不渡手形とは? 種類や不渡りになった場合の経営への影響をわかりやすく解説
不渡手形が発生すると、取引先からの信頼を失い、資金繰りに深刻な影響が及ぶ可能性があります。事業継続が困難になる場合もありますので、不渡りを起こさないよう十分に注意しなければなりません。
本記事では、不渡手形とは何かや、不渡りが起こった場合に企業にどのような影響があるかをわかりやすく解説します。
約束手形を利用する企業にとって、信用維持や資金繰りに欠かせない重要な知識ですので、ぜひ最後までご覧ください。
不渡手形とは?わかりやすく解説
まずは、不渡手形とはどのような手形を指すのかについて解説します。
不渡手形とは
約束手形とは、後日の代金支払いを約束することで振り出される手形のことです。支払期日までに、代金を銀行口座に入金し、決済ができるようにしておく必要があります。
しかし、約束の支払期日までに資金が銀行口座にない場合には、約束手形を受け取った人は決済ができません。このような約束手形の決済ができない状態を「不渡り」といいます。
不渡手形とは、約束手形の満期日が到来し、手形の所持人が手形代金の支払いを請求したにもかかわらず、決済等ができずに支払いを拒絶された手形のことです。
不渡手形の種類
不渡手形はその原因と内容によって、以下の3種類に分類されます。
【0号(ゼロゴウ)不渡り】
0号不渡事由(0号不渡り)は、振出人の信用に関係のない不渡りです。
<不渡事由例>
- 振出人の署名が不完全
- 手形の期日の不備
- 手形の支払呈示期間を過ぎている
- その他手形の内容に不備がある
【1号不渡り】
一般的に想像される「不渡り」のパターンであり、当座預金に十分な残高がなく、支払いできない場合が「1号不渡り」です。信用に関する問題になるため、不渡り処分を受けることになります。
【2号不渡り】
0号不渡りにも1号不渡りどちらにも該当しない不渡りは、全て「2号不渡り」になります。事由としては、盗難や紛失・詐欺、契約不履行などが該当します。
小切手の不渡り
小切手の不渡りを出してしまった場合、金融機関は不渡届を手形交換所に提出します。手形交換所は、受け取った不渡届の内容を「不渡報告」に掲載します。さらに、6ヶ月以内に2度目の不渡りを出すと、2年間の銀行取引停止処分を受けます。

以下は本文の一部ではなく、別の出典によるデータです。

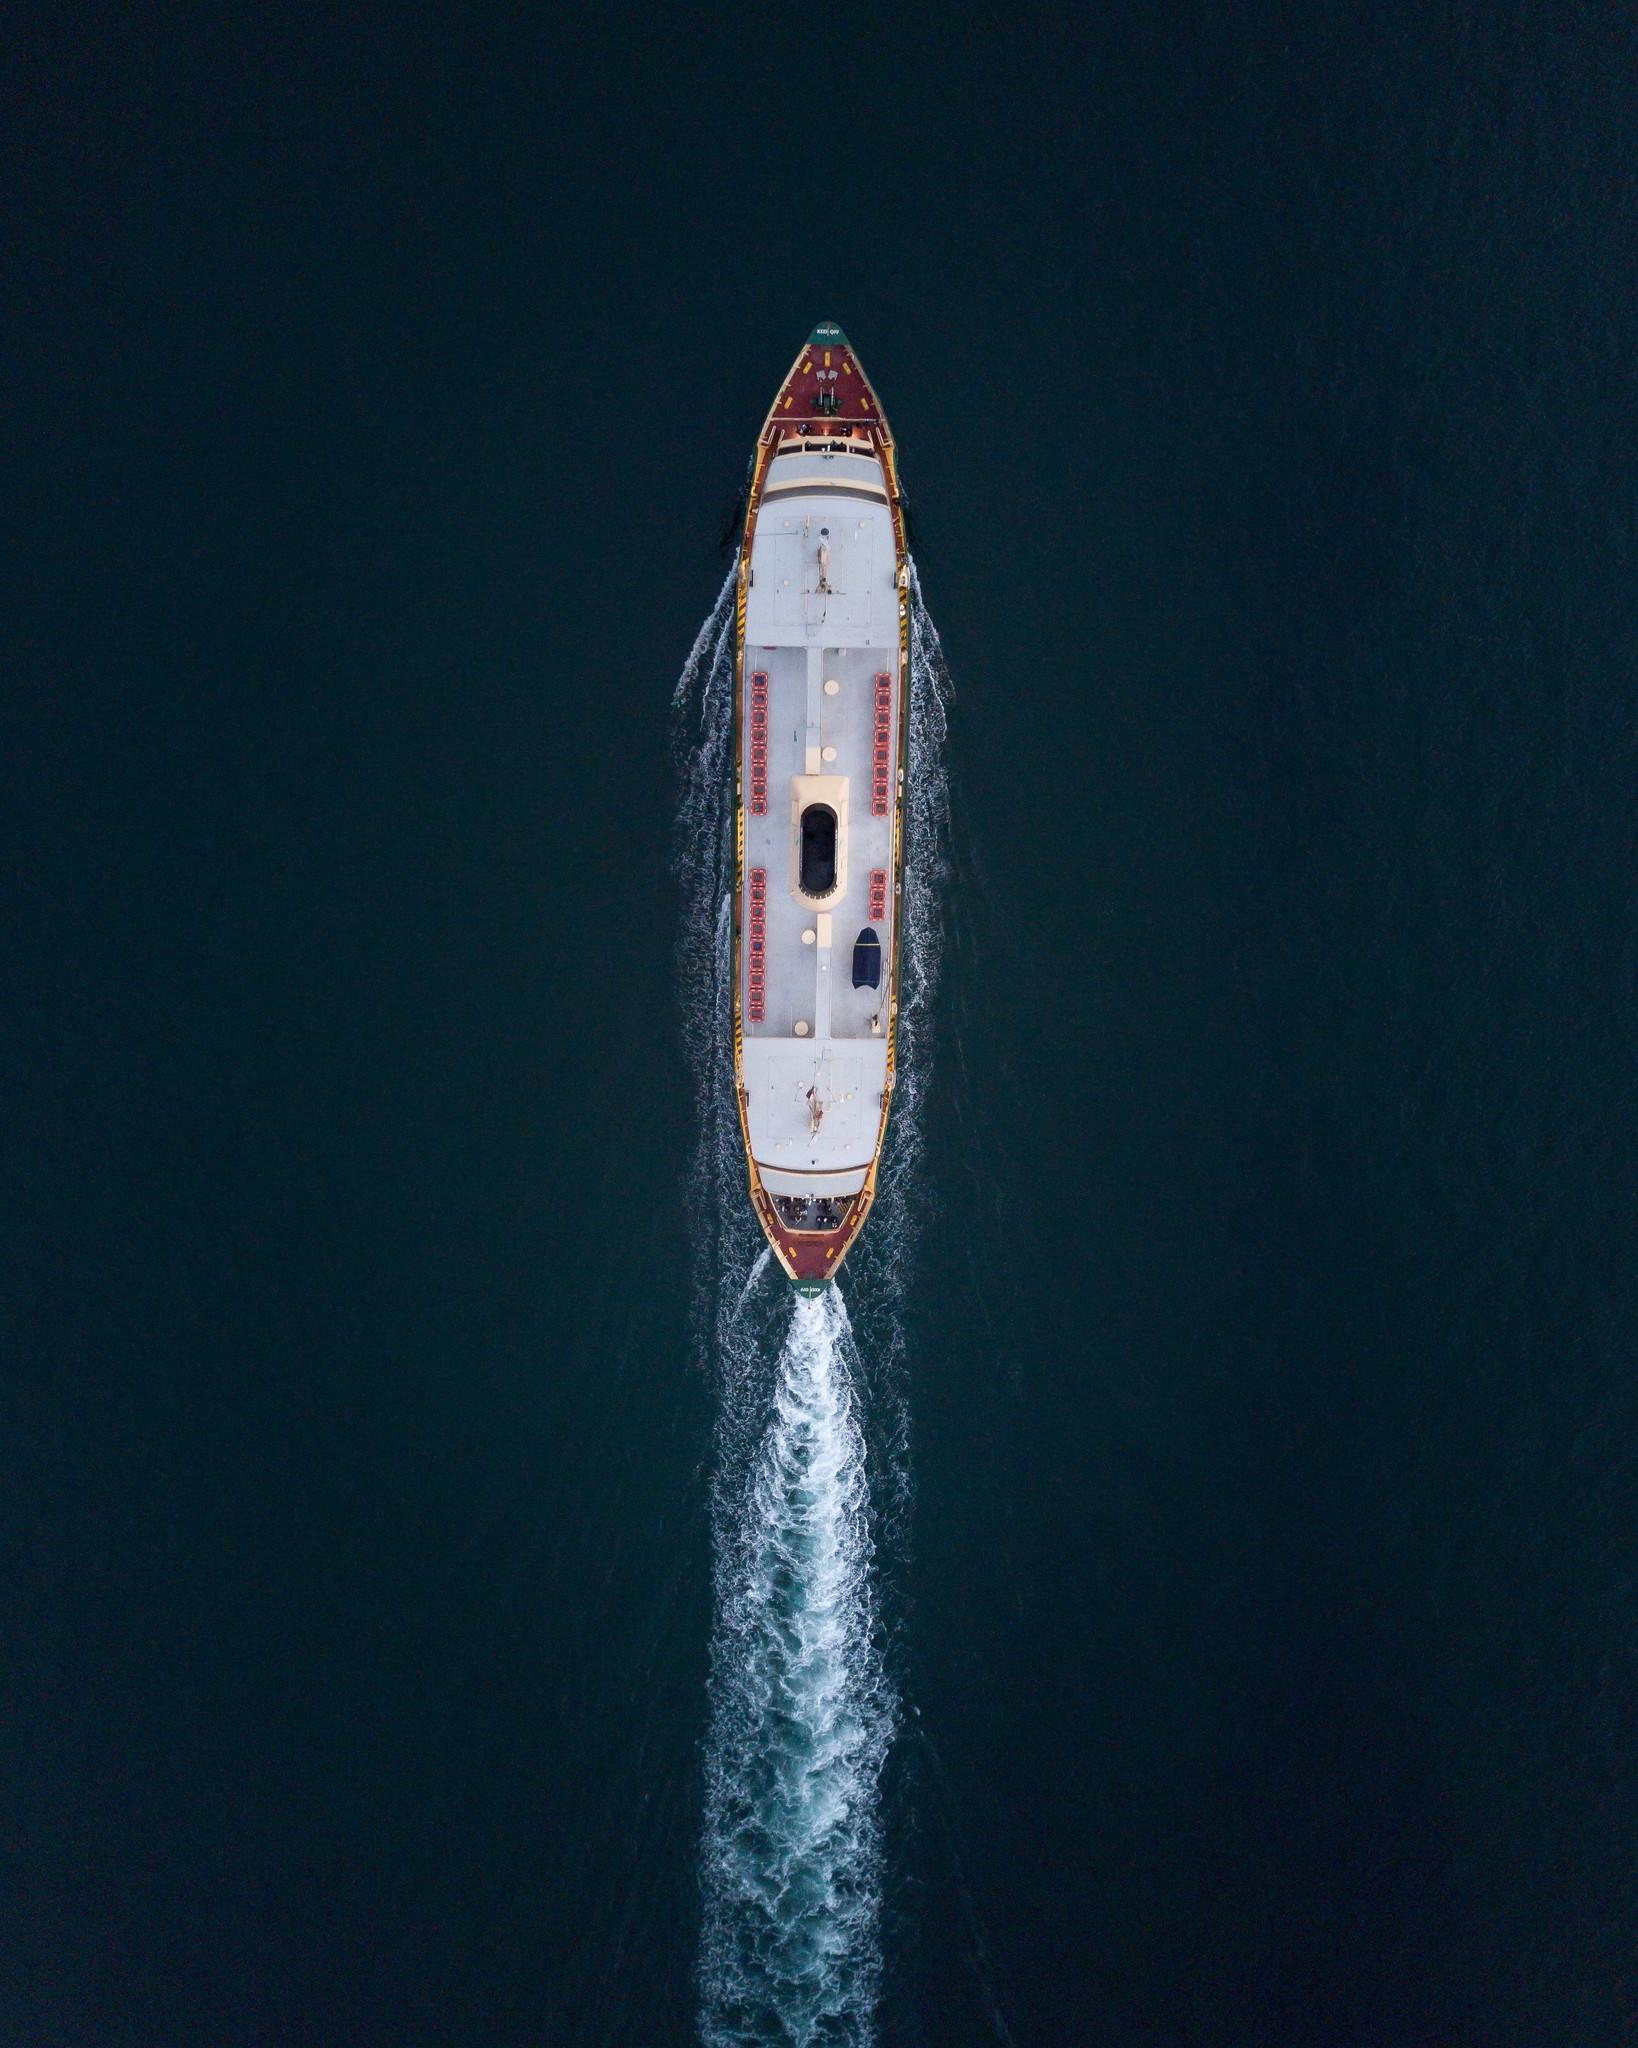 Hoe stijg je op en land je veilig met je drone op een boot?

不渡りを出したからといって、すぐに倒産になるわけではありません。
しかし、不渡りを出した会社は、取引先から信用力が低いと判断されます。資金調達等で不利になりますので、資金計画・事業計画はしっかりと策定する必要があります。
不渡りを起こすとどうなる?
手形の振出人が不渡りを起こした場合、会社経営にどのような影響があるのでしょうか。1回目と2回目のそれぞれについて解説します。
1回目の不渡り
金融機関が不渡届を手形交換所に提出します。手形交換所が不渡届を受け取ると、その内容を「不渡報告」に掲載します。
不渡りを起こした場合、取引先への信用を失ってしまったり、新たな融資を受けることが難しくなったりといったことが危惧されます。
2回目の不渡り
6ヶ月以内に2回目の不渡りとなると、2年間の銀行取引停止処分を受けます。取引停止処分を受けるため、手形や小切手の発行ができなくなる、融資を受けることができなくなるといったことが挙げられます。
もし現状で受けている融資があれば、一括返済を求められてしまうでしょう。
2回目の不渡りを起こし、2年間の当座取引停止となると、事業の継続がかなり難しくなり、一般的に「事実上の倒産」と考えられています。
不渡手形についてのまとめ
約束手形は支払いを繰り延べできる取引手段ですが、支払い期日までに資金が用意できずに決済ができなくなった場合に「不渡り」となるリスクがあります。
不渡りを出した場合、取引先からの信用を失ったり、銀行からの資金調達が難しくなったりと、会社経営に与える影響は甚大です。
手形を発行する際は不渡手形を出すことがないように、資金繰りを徹底するようにしてください。